> **DATA SEGMENT**:
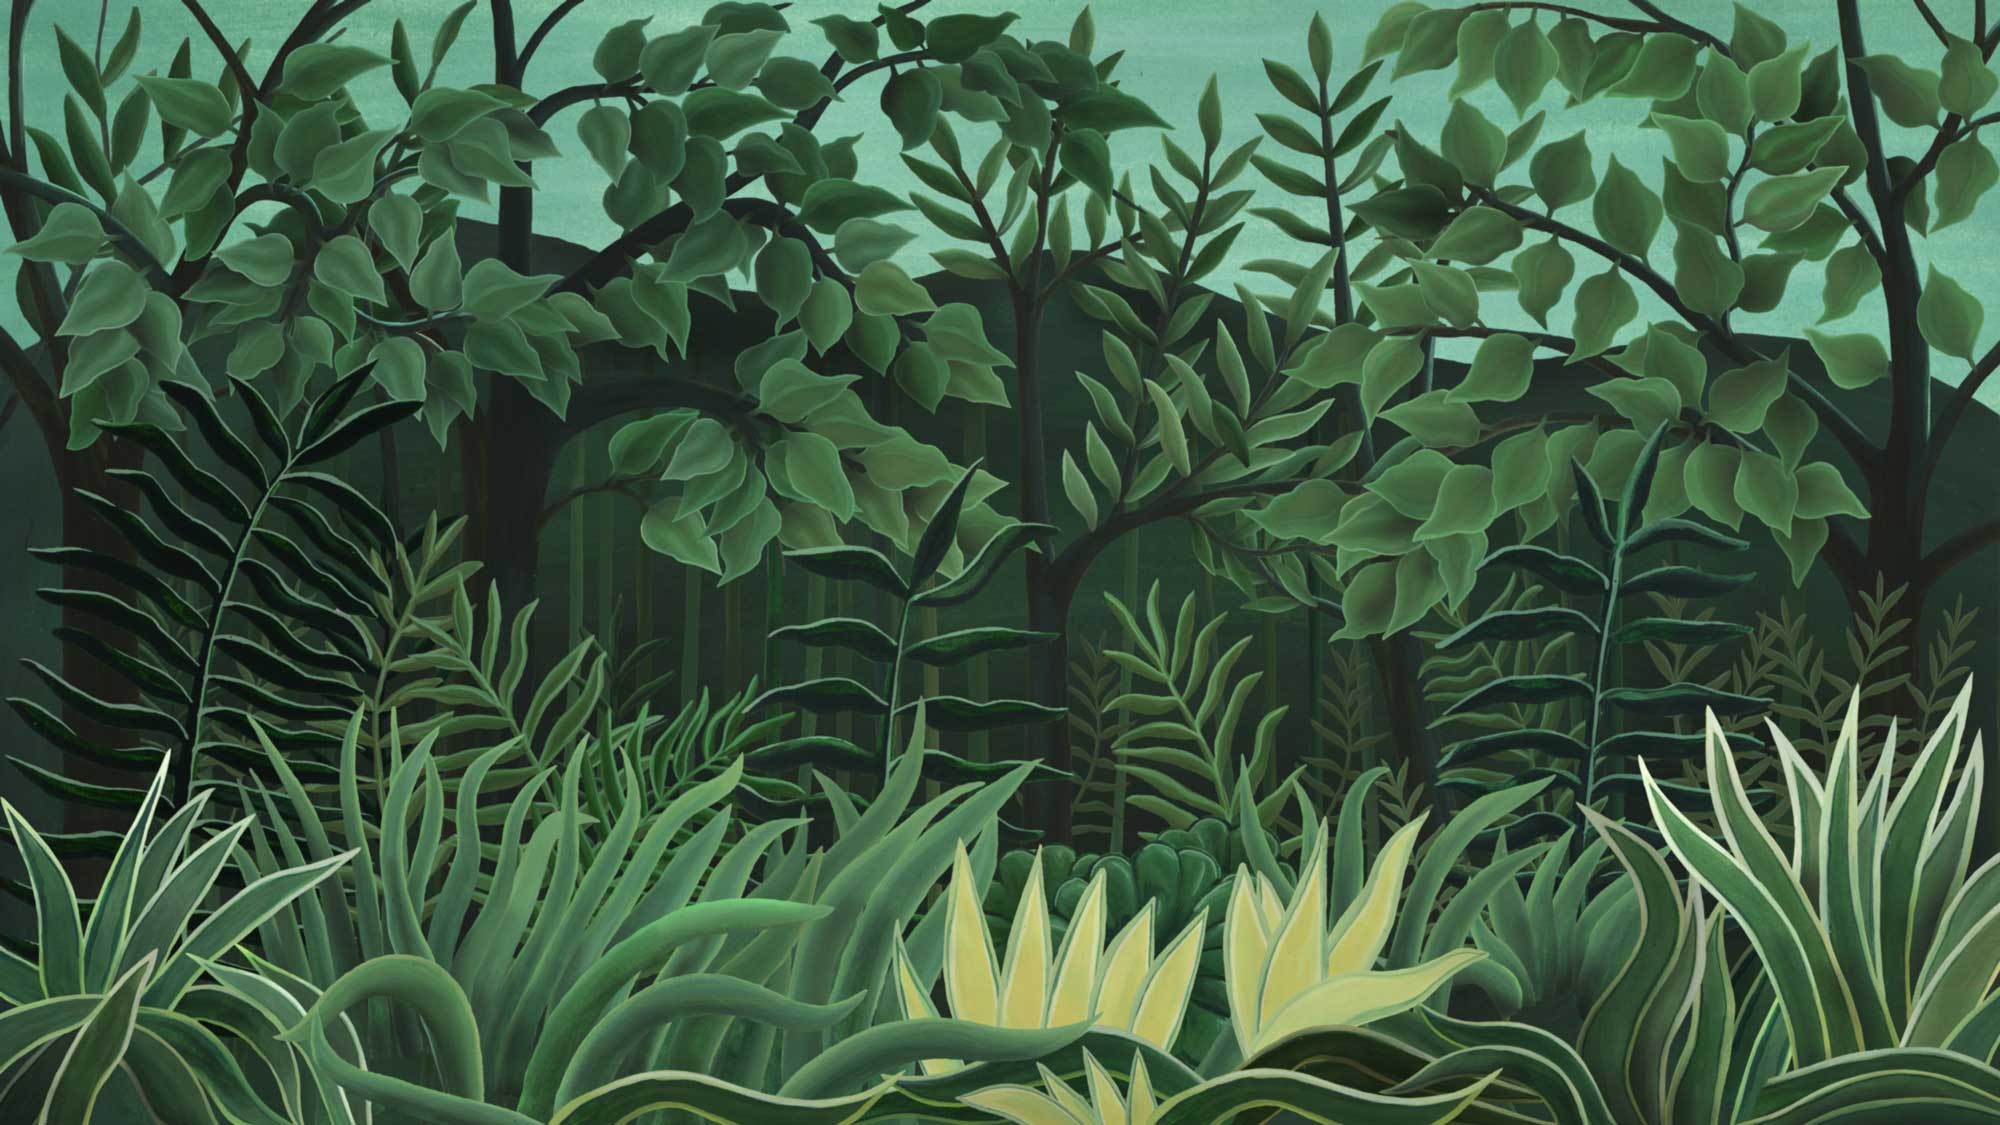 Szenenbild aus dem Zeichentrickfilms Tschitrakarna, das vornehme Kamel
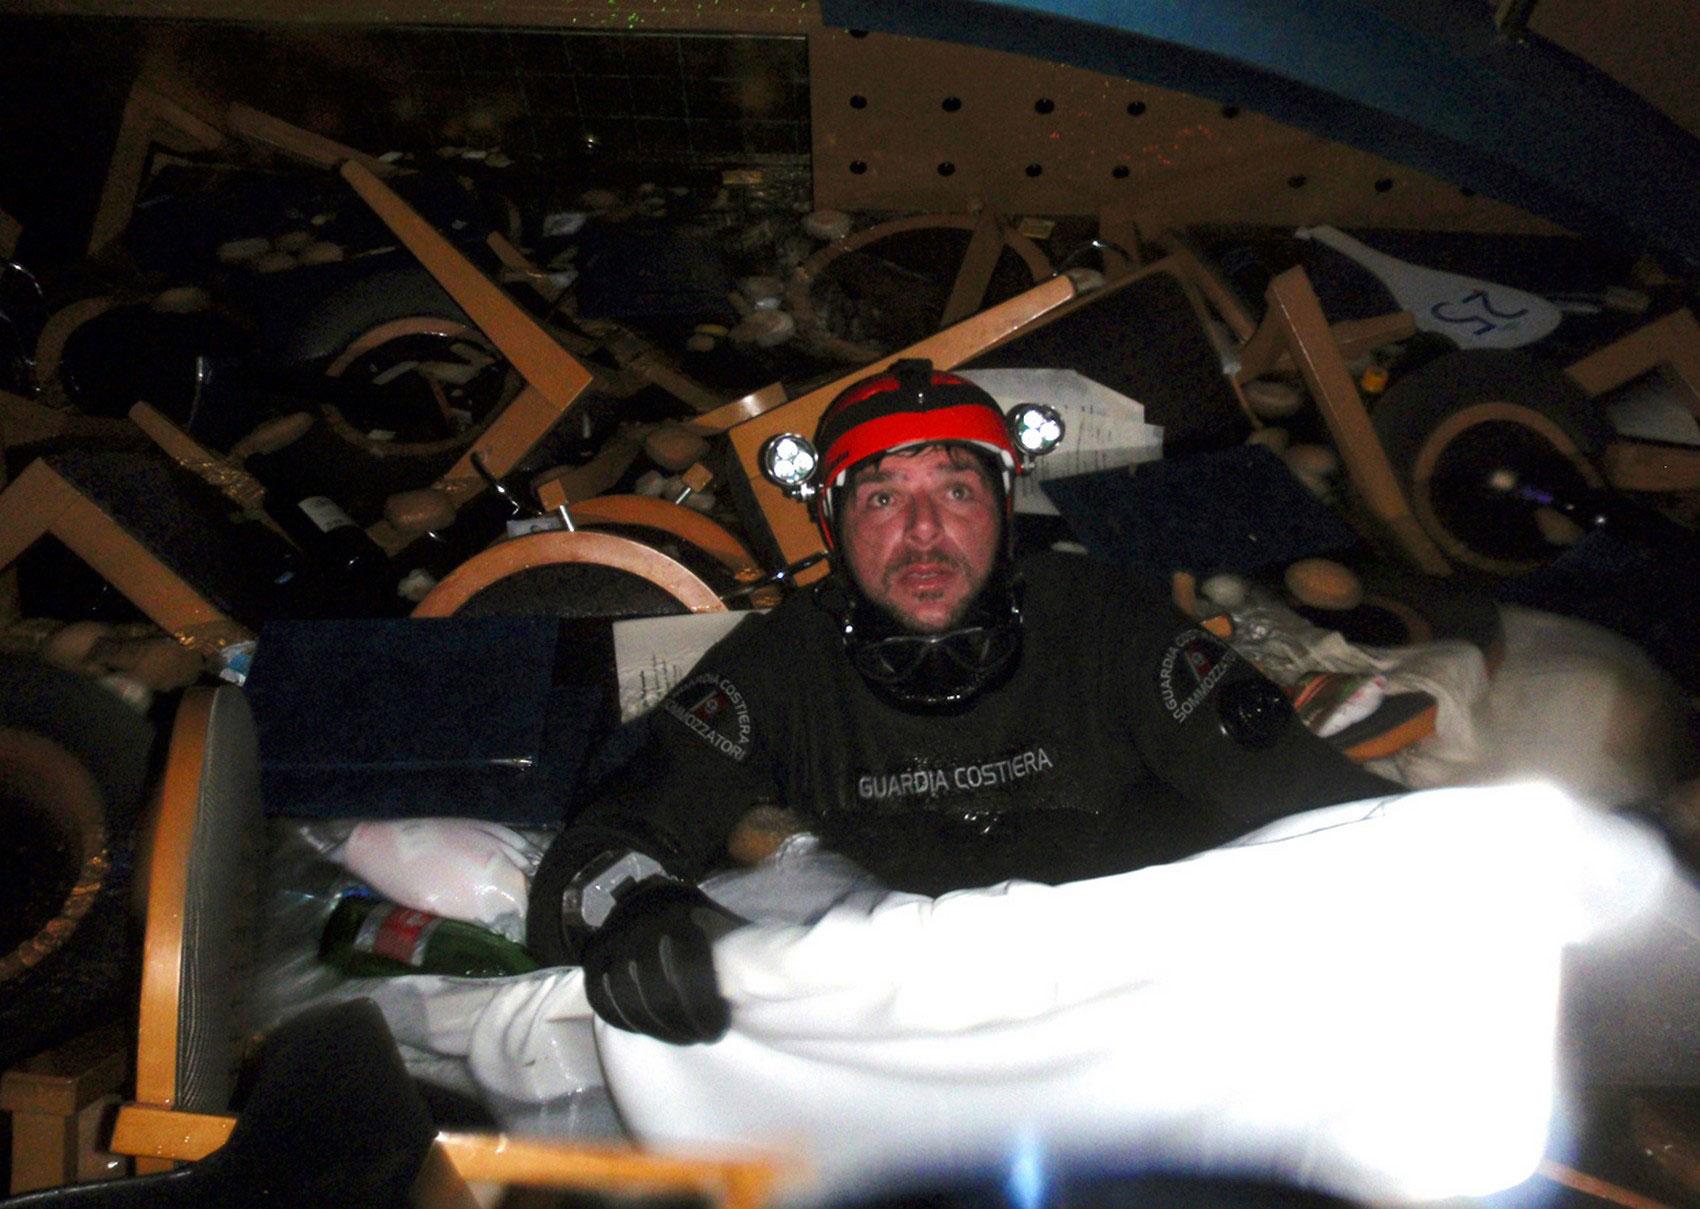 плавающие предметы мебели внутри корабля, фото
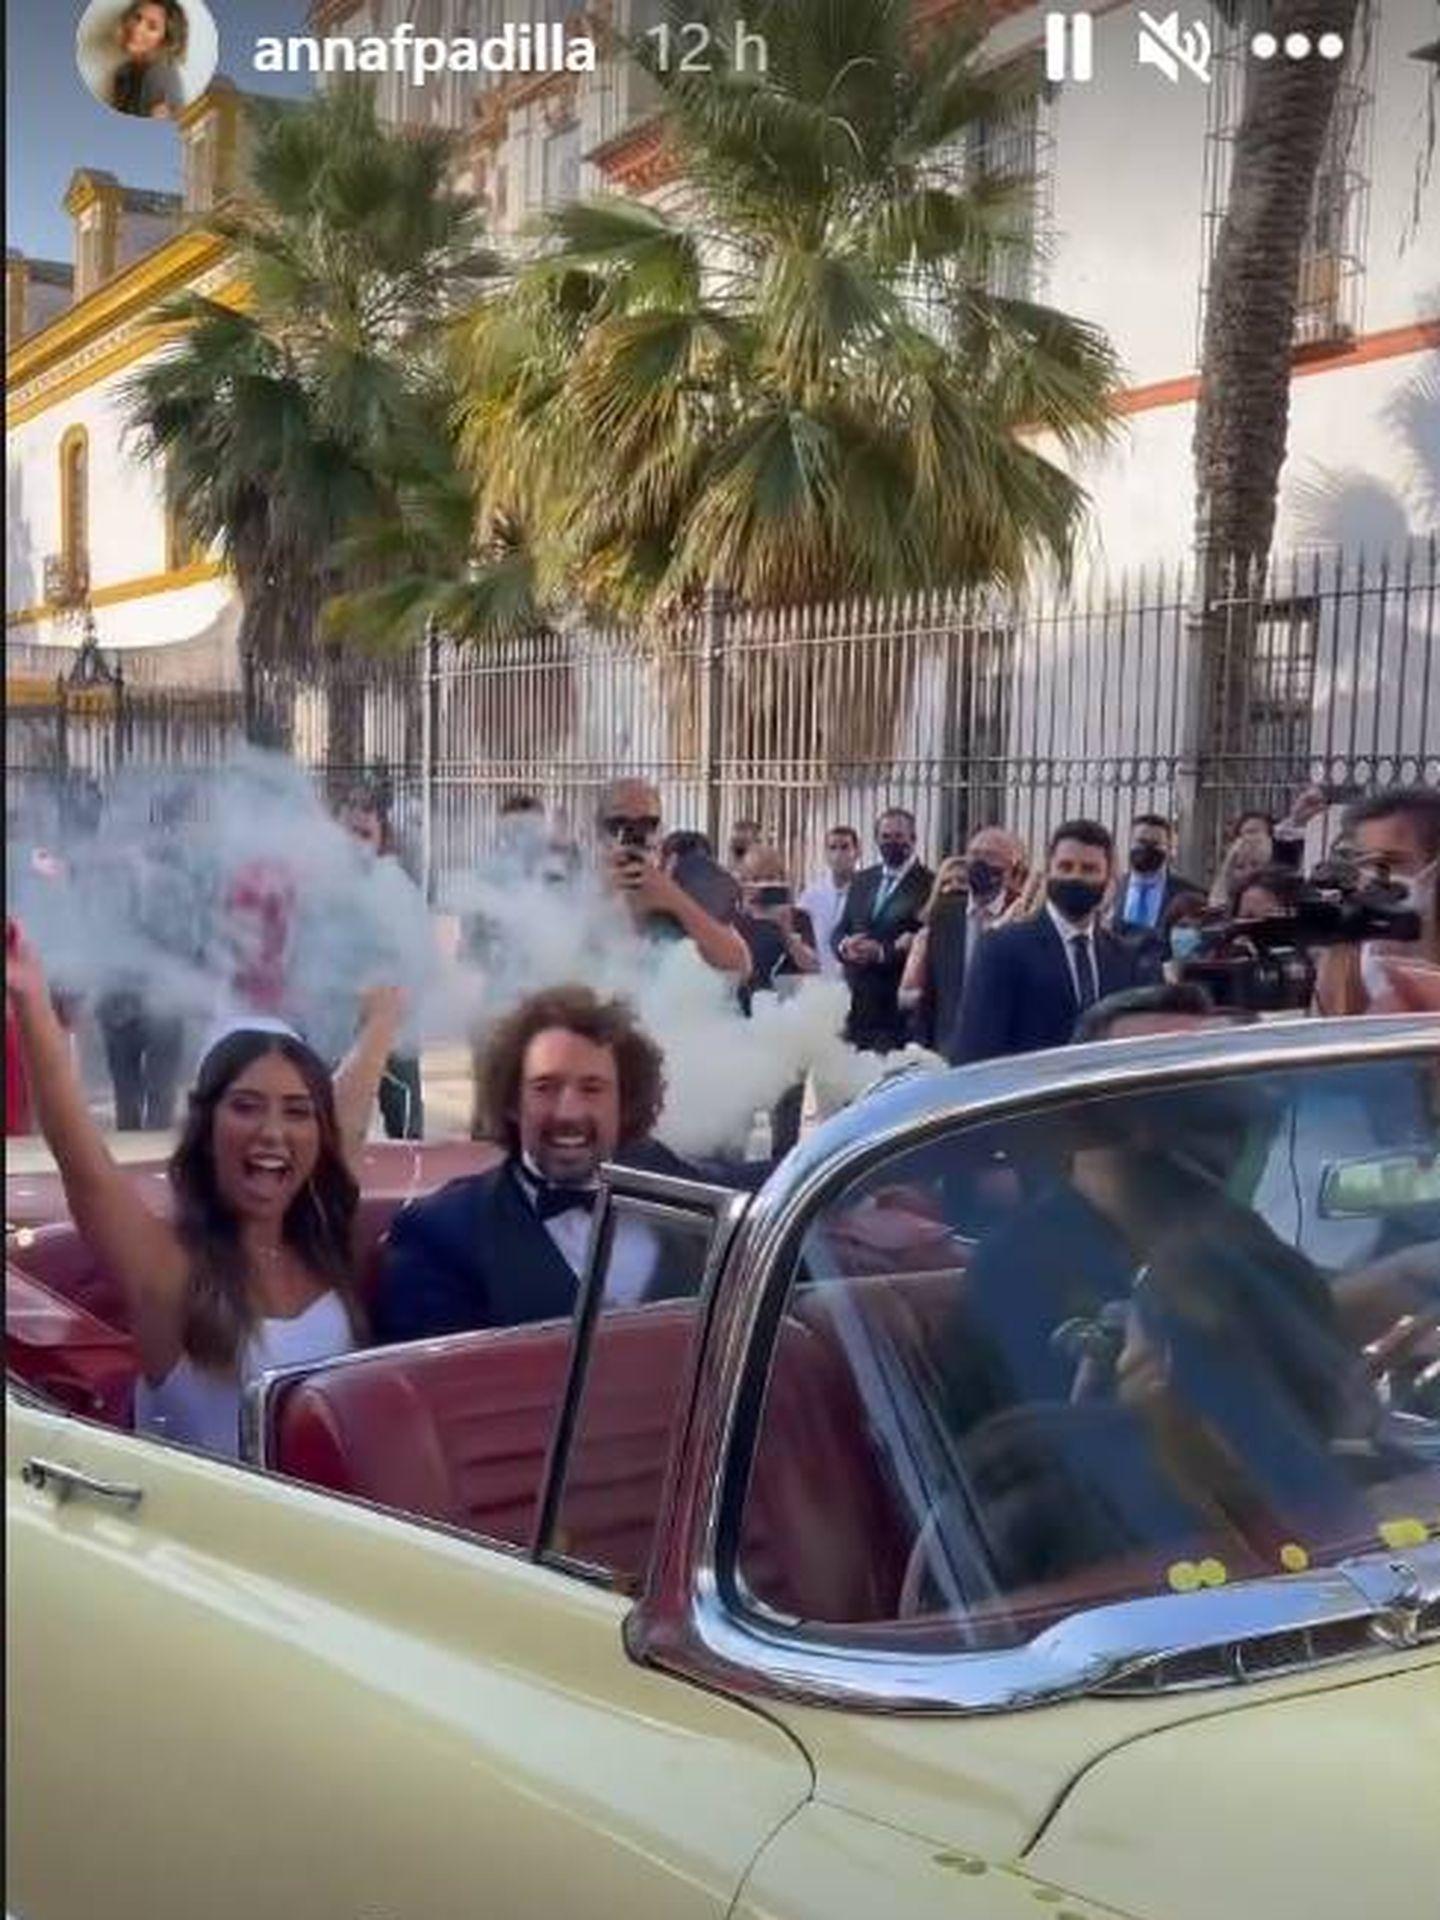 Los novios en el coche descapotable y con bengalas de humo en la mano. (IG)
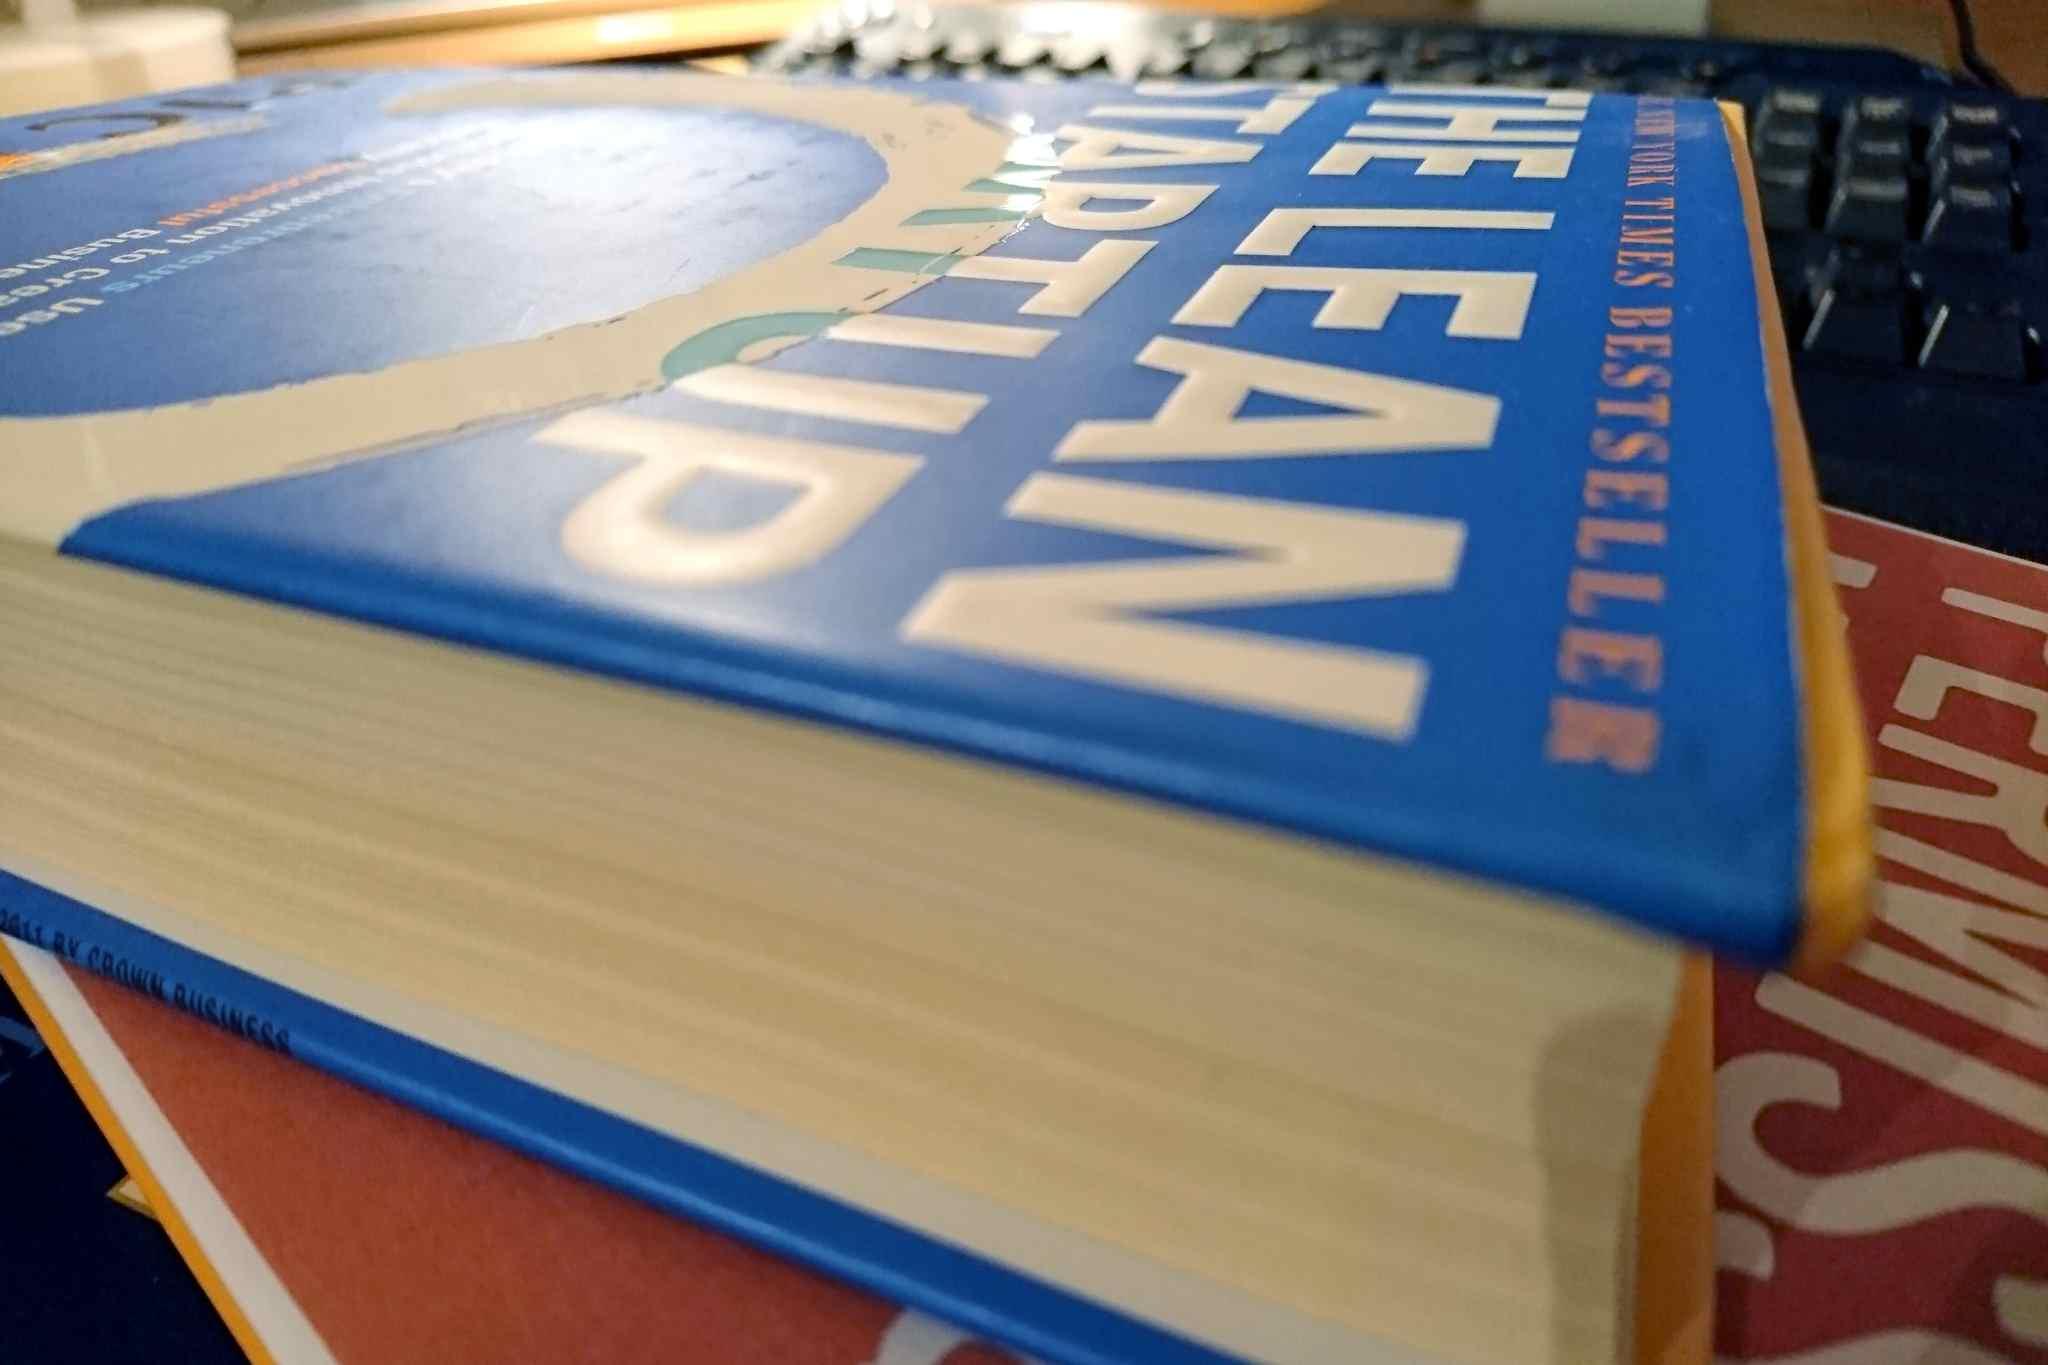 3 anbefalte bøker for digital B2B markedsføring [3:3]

> **WORK INSTRUCTIONS**: Reproduce, unchanged, each line between the one with "плавающие предметы мебели" and the last line of the material, both included; the pictures do not go in.

> **RESPONSE BELOW**:
 плавающие предметы мебели внутри корабля, фото
 Los novios en el coche descapotable y con bengalas de humo en la mano. (IG)
 3 anbefalte bøker for digital B2B markedsføring [3:3]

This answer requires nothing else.